Ca7Mg1.8Zn0.2Ga6O18:Bi3+/Mn4+ phosphor: energy transfer enables tunable colour emission and high sensitivity in optical thermometry

Abstract

Recent advancements in optical thermometry utilizing the fluorescence intensity ratio (FIR) technology have attracted tremendous attention in real-time temperature measurements due to its numerous advantages, such as high sensitivity. In this work, we rationally designed an FIR-type thermometer by utilizing the distinctive thermal responses of the blue and far-red emissions from Bi3+ and Mn4+ activators, respectively. To achieve a broad range of FIR values, we first optimized the blue emission of Ca7Mg2-xZnxGa6O18:0.05Bi3+ (CMZxGO:0.05Bi3+) through Zn2+-to-Mg2+ substitution and then utilized Bi3+/Mn4+ codoping into the optimal composition to realize dual emission. The blue emission of CMZxGO:0.05Bi3+ was improved significantly, which is associated with complex spectroscopic red and blue shifts due to the competitive effect of crystal field splitting and centroid shift for Bi3+-emitters.

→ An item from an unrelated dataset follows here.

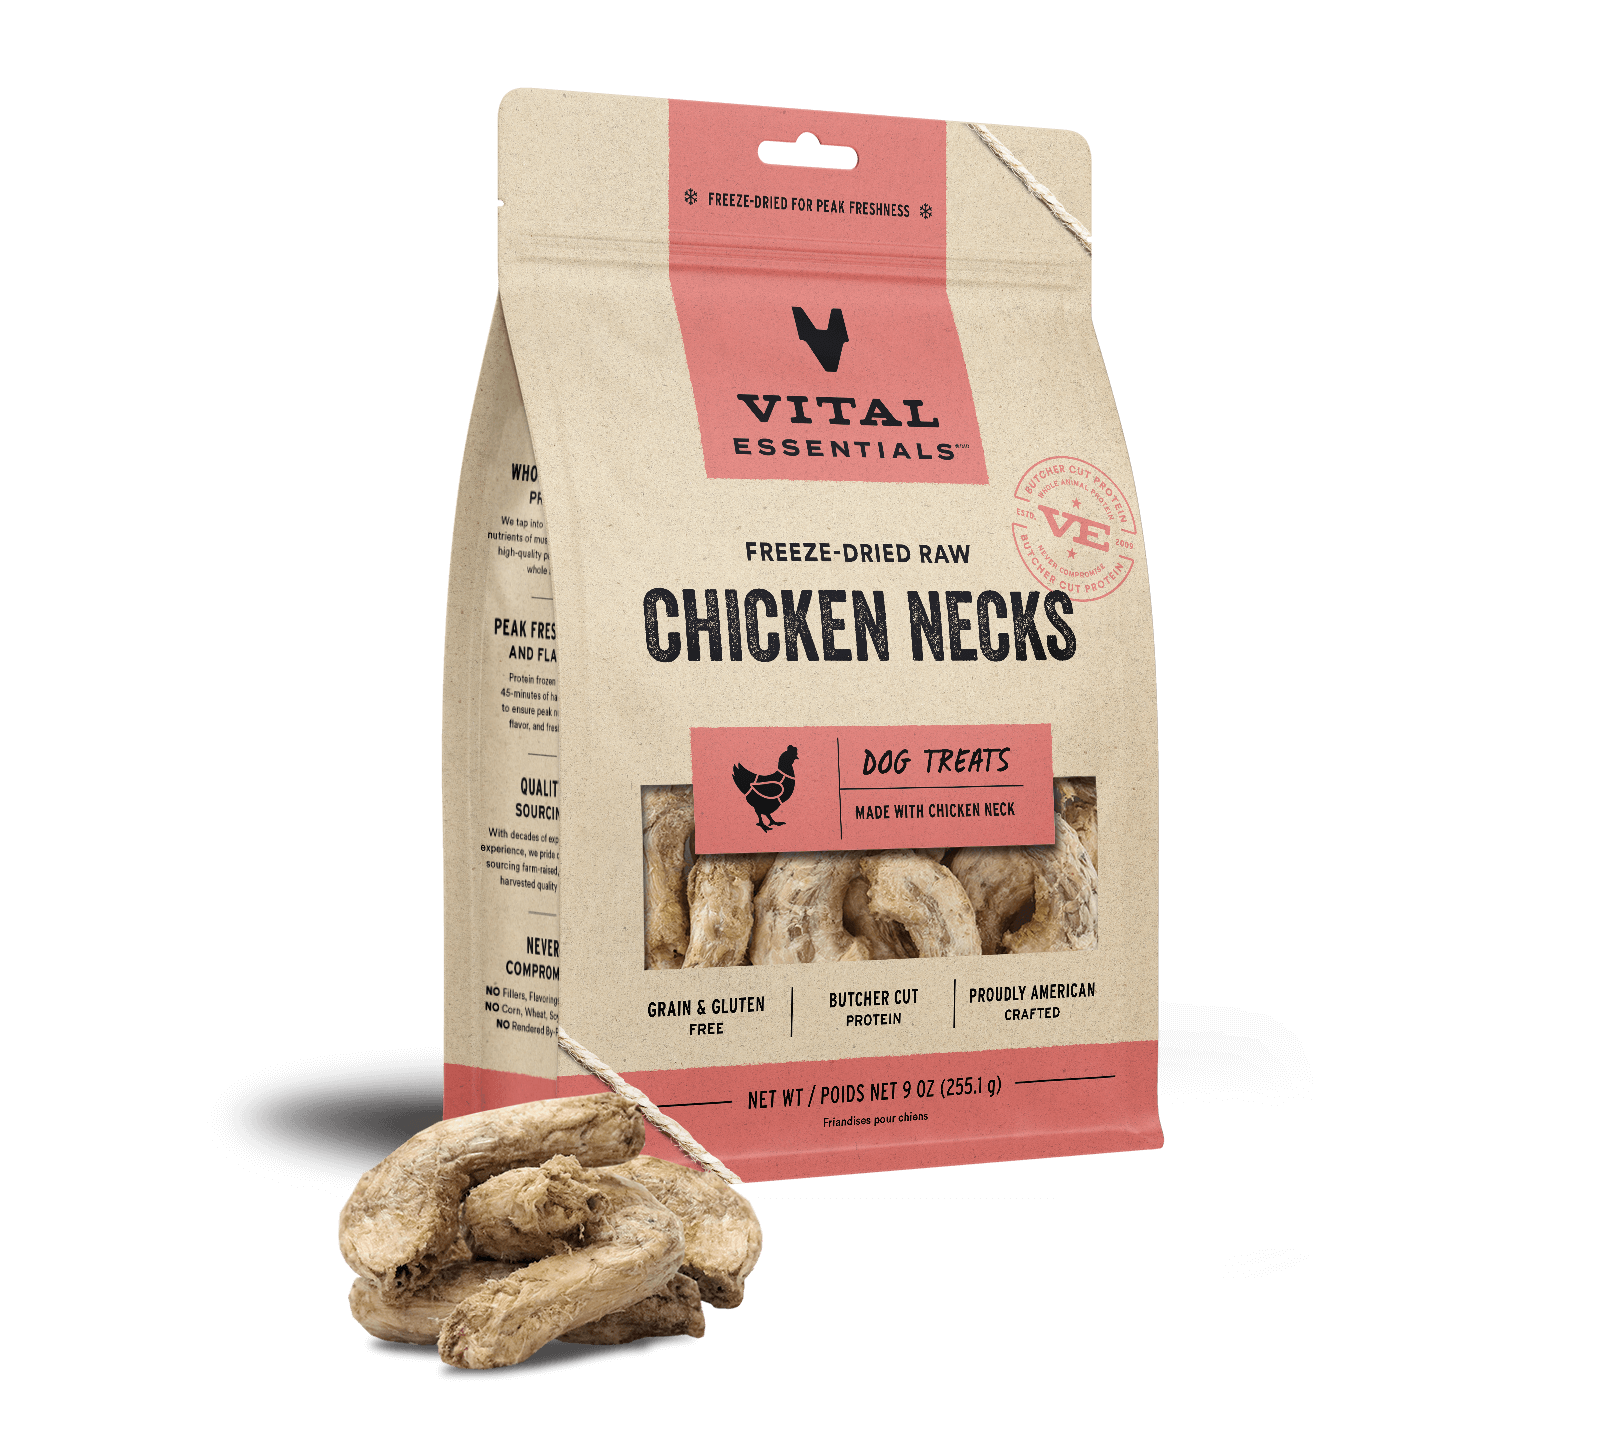 Vital Essentials Freeze-Dried Raw Chicken Necks Dog Treats, 9 oz - Items on Sale Now

Additionally, Bi3+/Mn4+-codoped CMZ0.2GO:0.05Bi3+/yMn4+ phosphors exhibit tunable colour emission from blue to deep-red, arising from an increased energy transfer efficiency from Bi3+ to Mn4+ upon increasing the Mn4+-content. Benefitting from this energy transfer, Bi3+ and Mn4+ activators display severe thermal quenching and high thermal stability, respectively, thereby resulting in a high relative sensitivity (Sr) of 1.64% K-1 to temperature measurement. This Sr value surpasses that of most Bi3+/Mn4+- and Bi3+/Eu3+-codoped optical thermometers, implying the promising application potential of CMZ0.2GO:0.05Bi3+/0.001Mn4+ as an optical thermometer.